Question

strange results with featureCounts

1

Entering edit mode

inah ▴ 10

@inah-13176

Last seen 7.4 years ago

Hi,

I have human total RNA-seq data (PE, Next-Seq) from a pilot study with two samples and am getting results from featureCounts that do not make any sense to me. I process the data as follows: (1) I perform adapter trimming using ea-utils mcf and mild quality trimming using btrim. I use STAR for alignment to the genome. STAR tells me that the first sample has 99,018,190 input reads (these are read pairs) and the 2nd sample has 126,164,150 input reads. For the first sample, 86,571,963 reads were aligned (70,579,007 uniquely), and for the 2nd sample, 112,525,928 reads were aligned (89,730,382 uniquely). Now when I run featureCounts on these data, it prints out this information:

First sample: Total fragments: 123128857, Successfully assigned fragments : 63971619 (52.0%)
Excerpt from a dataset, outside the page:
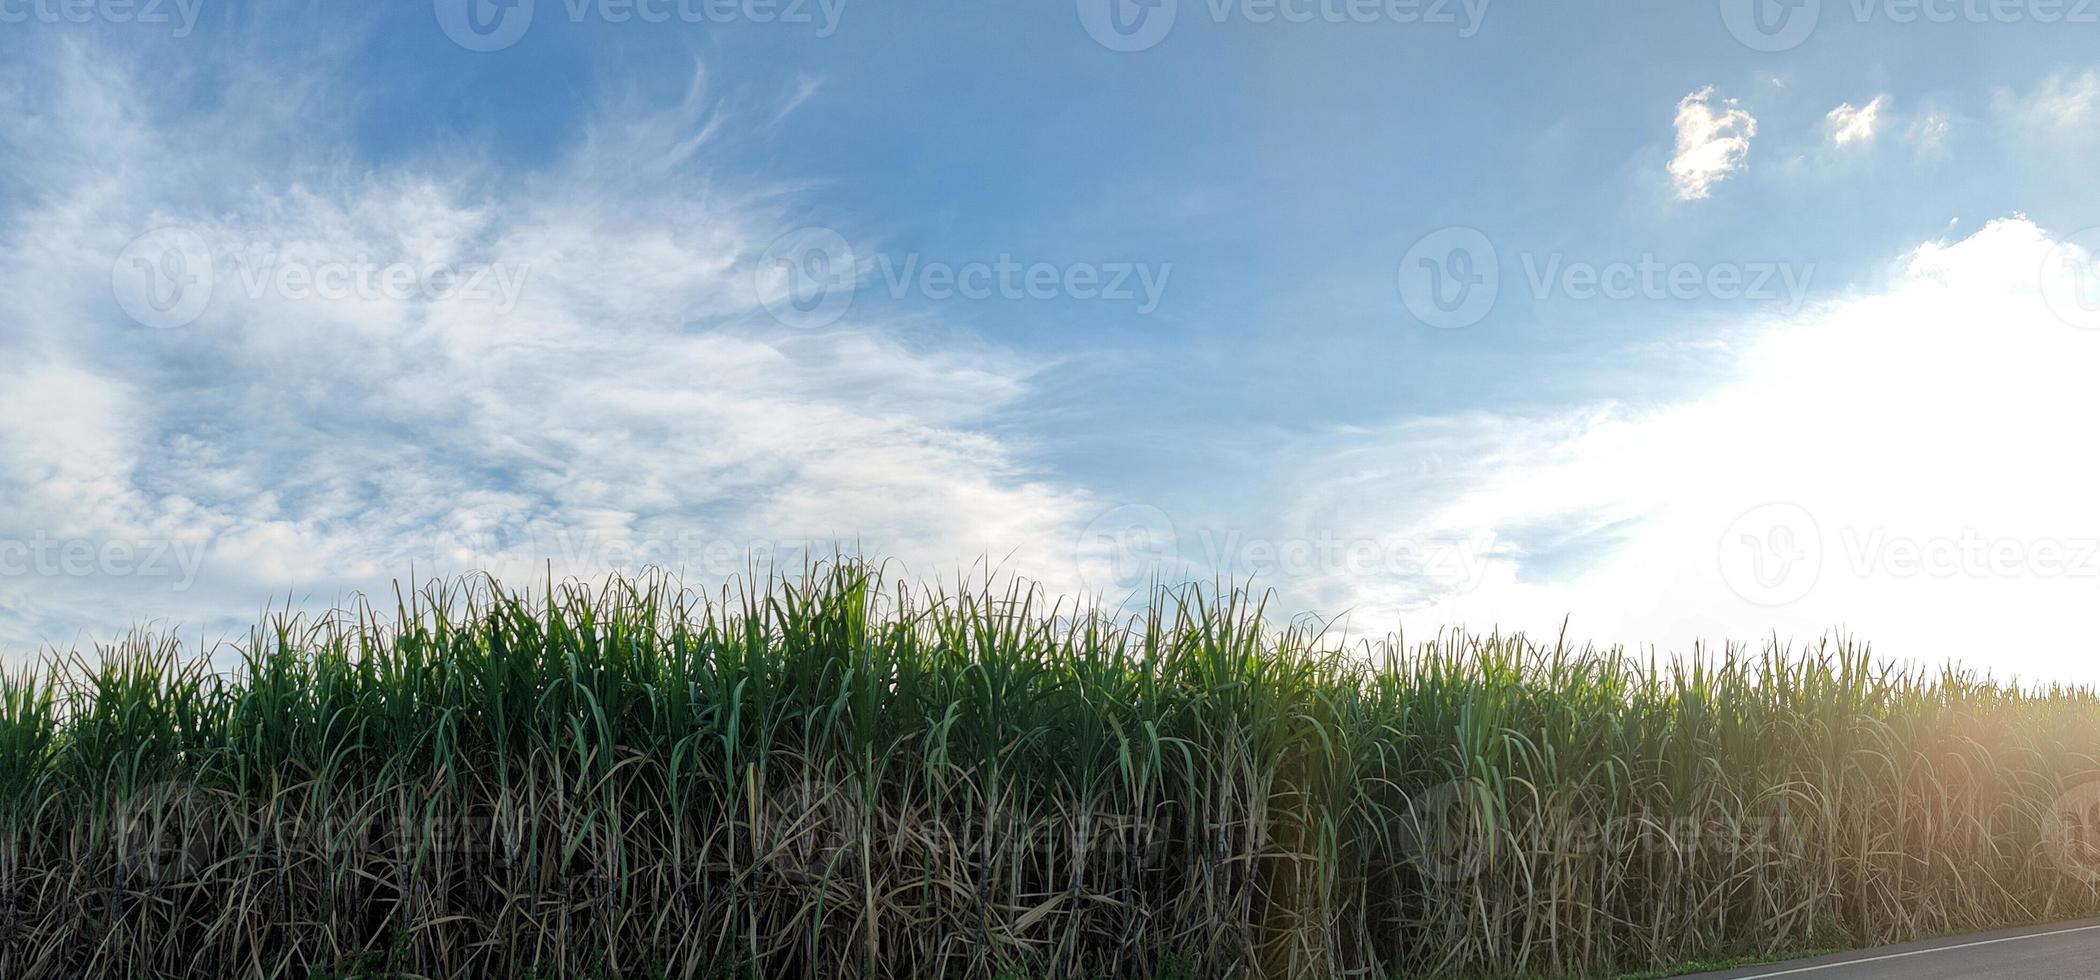 champs de canne à sucre et ciel bleu photo

2nd sample: Total fragments: 168328570, Successfully assigned fragments : 83223103 (49.4%)

and this warning:

WARNING: reads from the same pair were found not adjacent to each other in the input (due to read sorting by location or reporting of multi-mapping read pairs).

It seems that the total fragments from featureCounts do not match up at all with the read counts from STAR.

Thanks, Ina

RNA-seq featureCounts total RNA • 8.0k views

ADD COMMENT • link updated 3.1 years ago by snijesh ▴ 200 • written 7.5 years ago by inah ▴ 10

2

Entering edit mode

Are your data strand-specific paired end or what is -s parameter assigned in your data?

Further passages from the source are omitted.